Шаг за шагом, все ближе. И снег так беззаботно поскрипывает под ногами, словно пытается напомнить – ему наплевать на обрушившийся мир, на горячие багровые пятна, на варга, бьющегося неподалеку в агонии и разевающего пасть в безмолвном хрипе. К Сармагату никогда нельзя было приблизиться незамеченным и на фарлонг. А сейчас он глух ко всему, кроме разрывающей его боли, и Таргис стоит уже прямо за его спиной. Ну же. Всего один удар, прямо туда, в этот беззащитно бьющийся пульс, и все узлы будут развязаны… Сердце стучит глухо и прерывисто, пальцы онемели, словно приросли к разогревшейся в ладони рукояти. А господин ничего не слышит, только шепчет что-то невнятное, вздрагивая, как от озноба, и пряжка оружейного ремня тускло взблескивает на его плече сквозь спутанные каштановые пряди Тугхаш, и ярко-алые капли скользят по латным пластинам рукава, падая на примятый снег…
Несколько мгновений Таргис смотрел на узор красного бисера на снегу, и какая-то мысль мучительно продиралась сквозь владевшее им потрясение. Потом же резко встряхнул головой:
– Мой господин, – тихо проговорил он, но Сармагат не слышал. Тогда варгер громко и жестко окликнул:
– Милорд! Кровь!
Сармагат дернулся, как от удара, и вскинул на вассала страшный полузвериный взгляд. Но тот не отвел глаз:
– Господин, рана Тугхаш кровоточит. Она жива.

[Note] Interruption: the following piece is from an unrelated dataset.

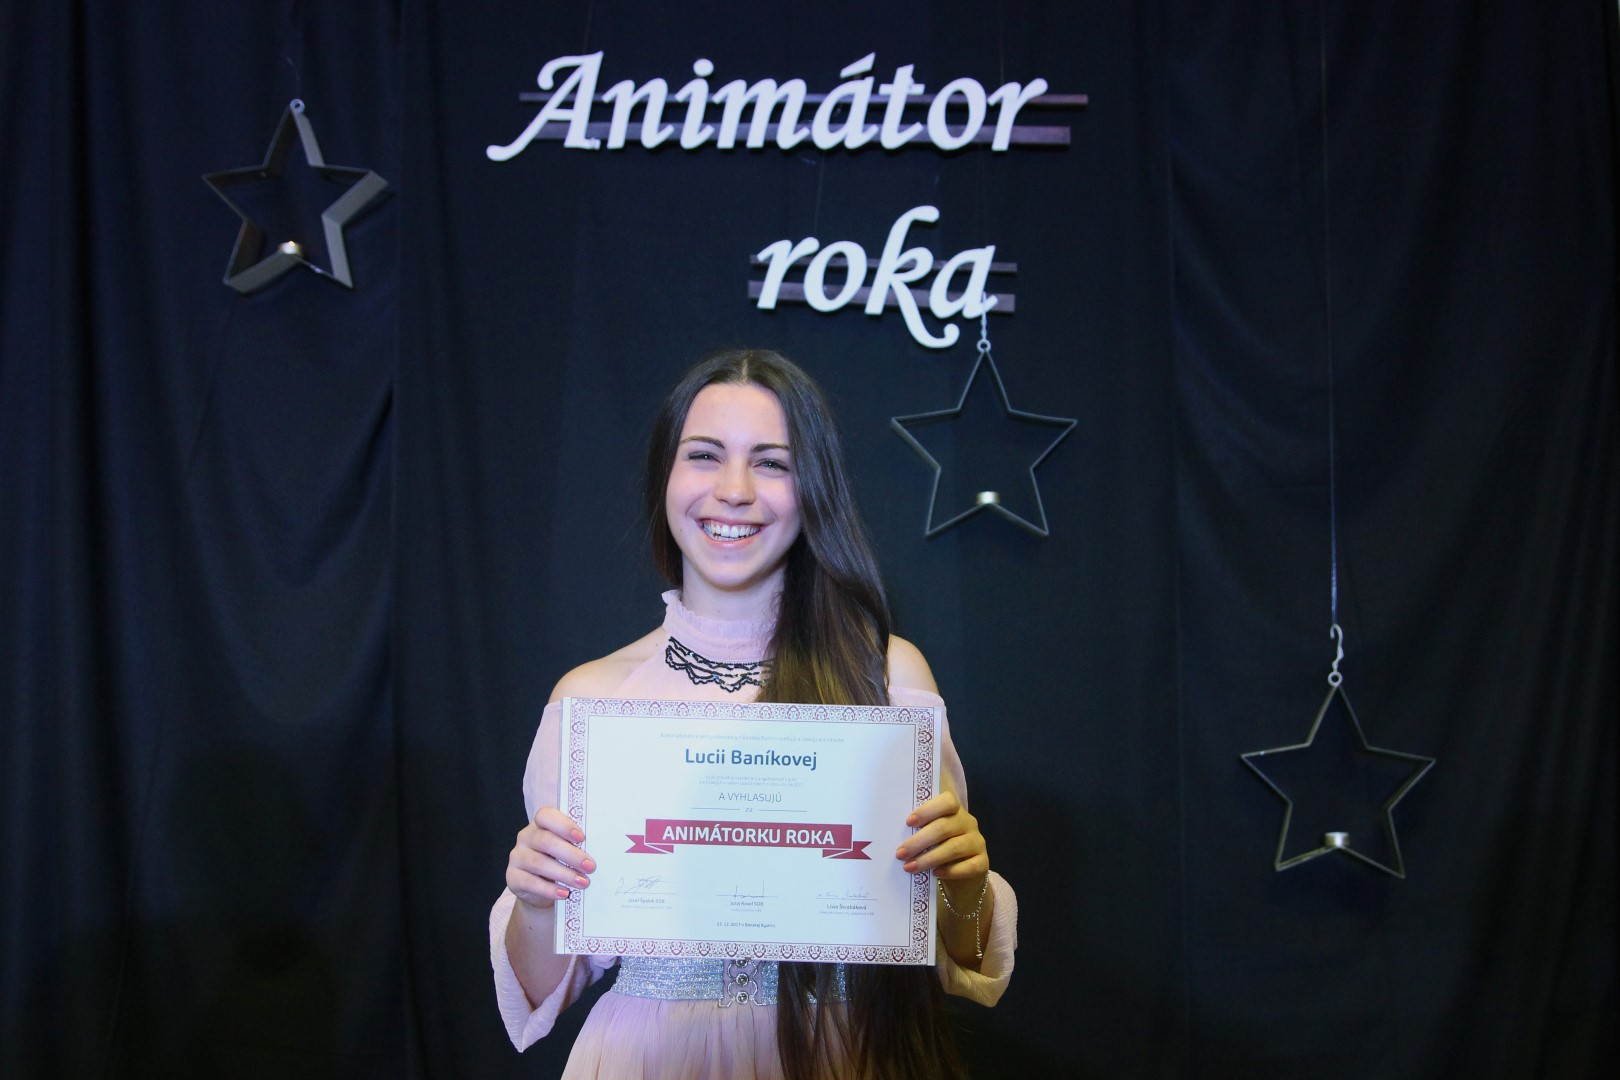 Animátorský čin roka 2017

Орк не ответил, лишь крепче сжал в объятиях неподвижное тело, и это движение, казалось, пробудило в нем угасший было здравый смысл. Осторожно опустив Камрин на снег, Сармагат отвел с бледного лица волосы, видя, как из уголка рта сочится ручеек крови. Провел по шее девушки пальцами, оставляя когтями кровавые мазки, нащупал артерию, а потом снова поднял на Таргиса взгляд, в котором уже не было ни следа безумия.
– Я прострелил Тугхаш легкое, – глухо проговорил он, – она истечет кровью за считанные часы. Мне нужен лекарь. Таргис… не отрицай, ты знаешь леса намного лучше, чем говоришь мне все эти годы. Для тебя в Ирин-Тауре нет тайн. Скажи мне, где найти Эрвига. Скажи правду, и я клянусь тебе Черным престолом владыки Мелькора, что исполню любое твое желание, чего бы оно ни касалось.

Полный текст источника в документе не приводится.